Zheng Jun, Pan Xiaohong, Jiang Yiyun
Department of Rehabilitation, Nanxing Health Service Center, Shangcheng, Hangzhou, Zhejiang, 310000, People's Republic of China.
Tuberculosis Care Unit, Hospital of Integrated Traditional Chinese and Western Medicine, Zhejiang, 310003, People's Republic of China.
Infect Drug Resist. 2024 Aug 17;17:3593-3598. doi: 10.2147/IDR.S477180. eCollection 2024.
Thrombotic thrombocytopenic purpura is a rare but life-threatening emergency. Tuberculosis can have hematologic complications. However, concurrent tuberculosis and thrombotic thrombocytopenic purpura are extremely rare. In this study, we report a 53-year-old man who was initially treated for pulmonary tuberculosis but later developed weakness and an altered mental status. Laboratory tests revealed evidence of thrombocytopenia, acute renal insufficiency, and microangiopathic hemolytic anemia. Brain imaging identified intracranial hemorrhage. Further testing revealed low ADAMTS13 activity (1.8%) and positive anti-ADAMTS13 antibody, confirming the diagnosis of thrombotic thrombocytopenic purpura. The patient had a full recovery after anti-tuberculosis treatment, plasma exchange, and supportive care. We present this rare case and review previous relevant studies to remind clinicians about the potential connections between tuberculosis and thrombotic thrombocytopenic purpura. In patients with signs of severe thrombocytopenia and microangiopathic hemolysis, necessary diagnostic tests should be performed to eliminate the possibility of thrombotic thrombocytopenic purpura occurring concurrently with tuberculosis.

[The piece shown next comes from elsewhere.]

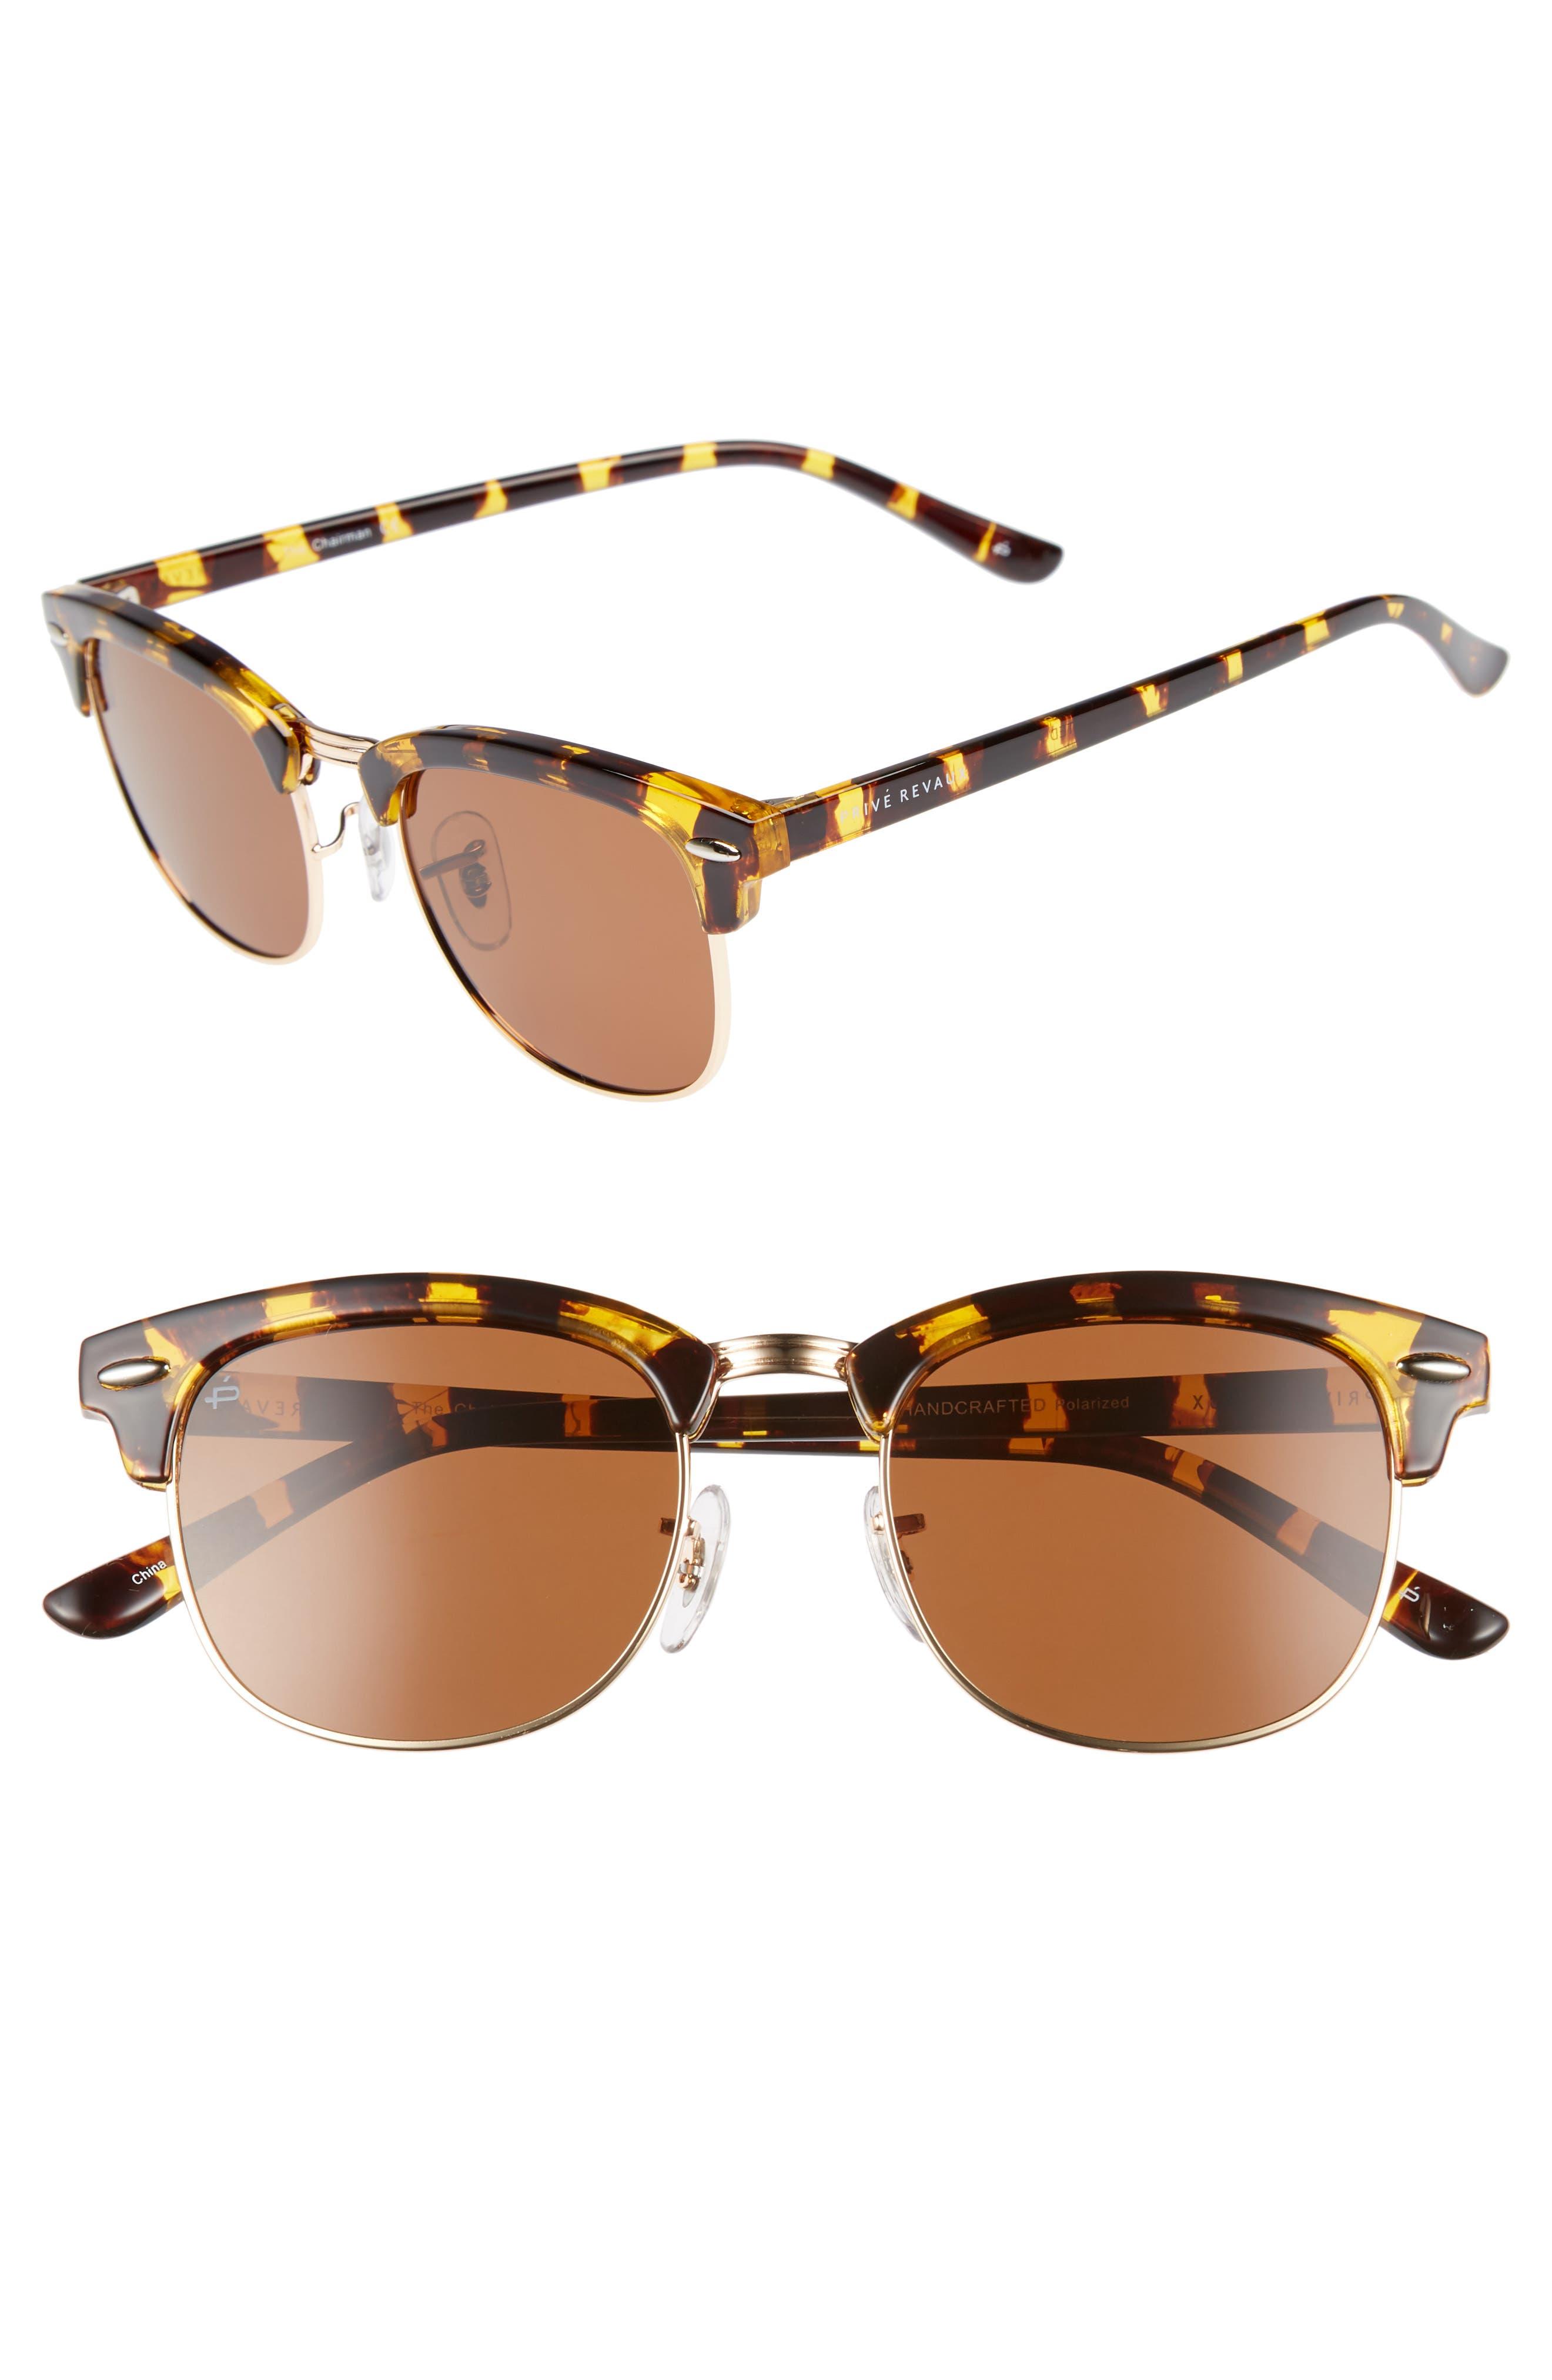 Privé Revaux The Chairman 52mm Polarized Browline Sunglasses,                             Main thumbnail 2, color,

血栓性血小板减少性紫癜是一种罕见但危及生命的急症。结核病可出现血液学并发症。然而,结核病与血栓性血小板减少性紫癜并发极为罕见。在本研究中,我们报告了一名53岁男性,最初因肺结核接受治疗,但后来出现乏力和精神状态改变。实验室检查显示有血小板减少、急性肾功能不全和微血管病性溶血性贫血的证据。脑部影像学检查发现颅内出血。进一步检查显示ADAMTS13活性低(1.8%)且抗ADAMTS13抗体阳性,确诊为血栓性血小板减少性紫癜。该患者在抗结核治疗、血浆置换及支持治疗后完全康复。我们展示此罕见病例并回顾既往相关研究,以提醒临床医生注意结核病与血栓性血小板减少性紫癜之间的潜在联系。对于有严重血小板减少和微血管病性溶血迹象的患者,应进行必要的诊断检查,以排除与结核病并发血栓性血小板减少性紫癜的可能性。